Data for processing ->

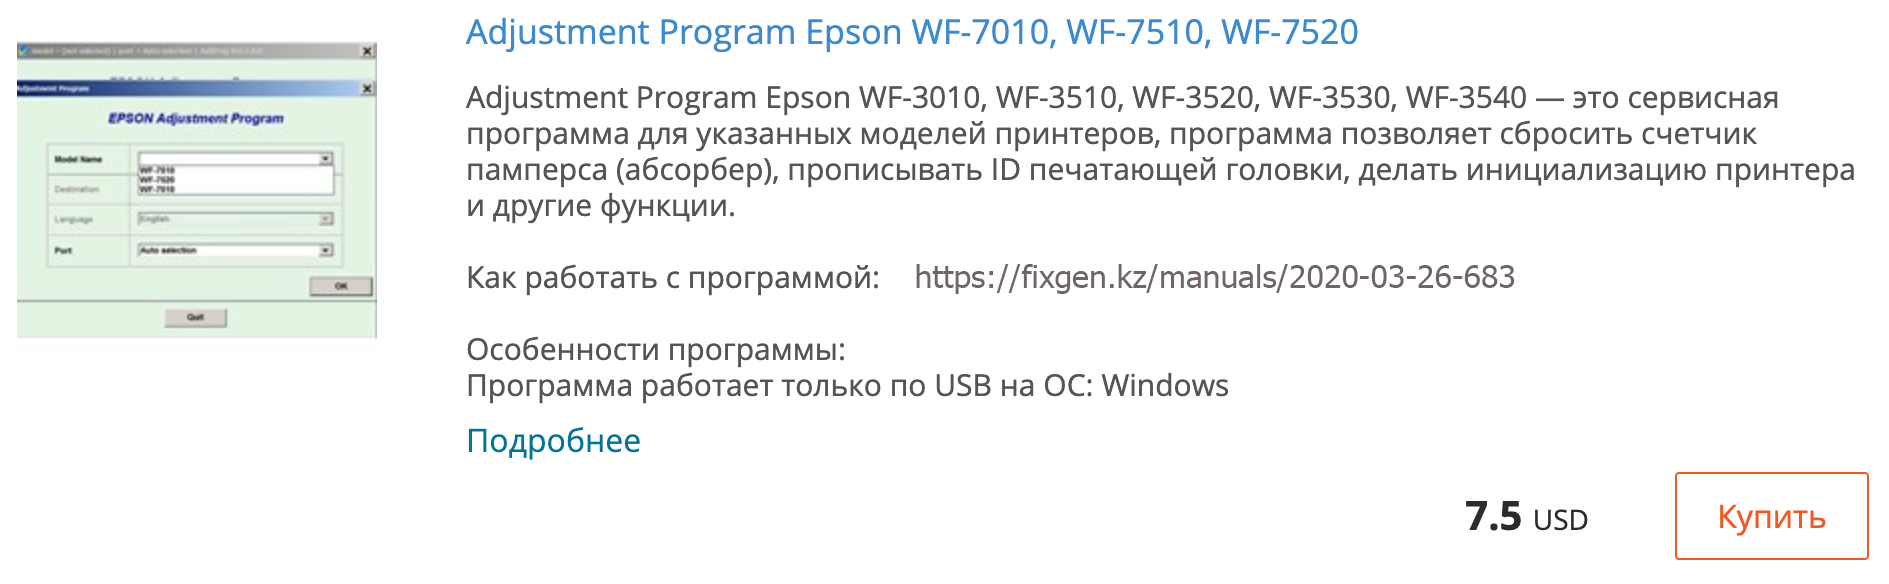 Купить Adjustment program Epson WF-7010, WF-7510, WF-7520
* * *
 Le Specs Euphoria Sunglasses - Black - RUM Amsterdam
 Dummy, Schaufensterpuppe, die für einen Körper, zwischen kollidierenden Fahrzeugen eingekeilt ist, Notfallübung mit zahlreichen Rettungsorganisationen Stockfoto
==
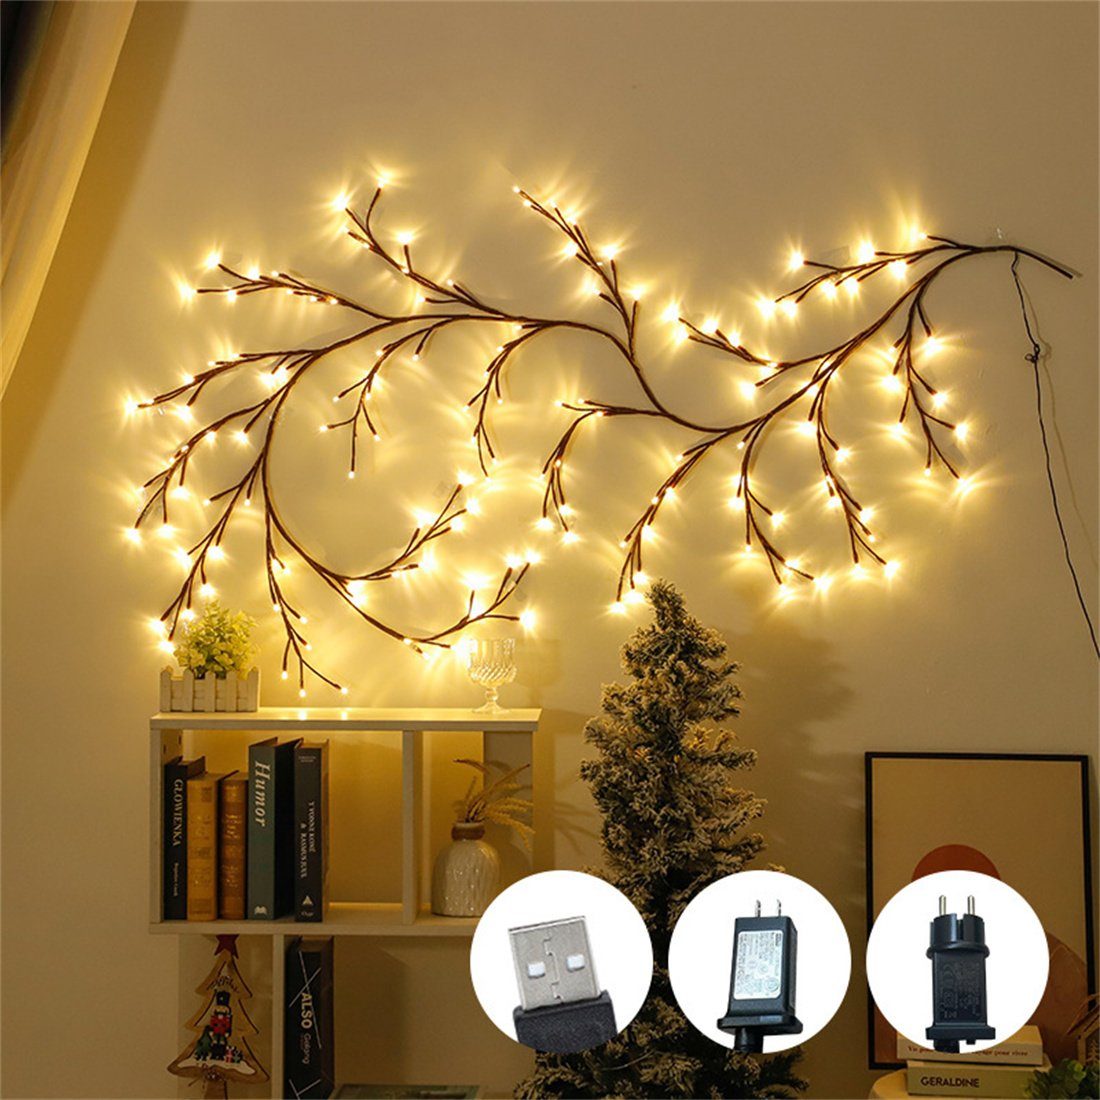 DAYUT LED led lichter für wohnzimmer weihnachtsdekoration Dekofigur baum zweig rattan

Work instruction ->
Reproduce exactly the section above that begins at the line containing "Le Specs Euphoria" and ends at the line containing "Dummy, Schaufensterpuppe, die", leaving out all other lines.

Output of the exercise ->
 Le Specs Euphoria Sunglasses - Black - RUM Amsterdam
 Dummy, Schaufensterpuppe, die für einen Körper, zwischen kollidierenden Fahrzeugen eingekeilt ist, Notfallübung mit zahlreichen Rettungsorganisationen Stockfoto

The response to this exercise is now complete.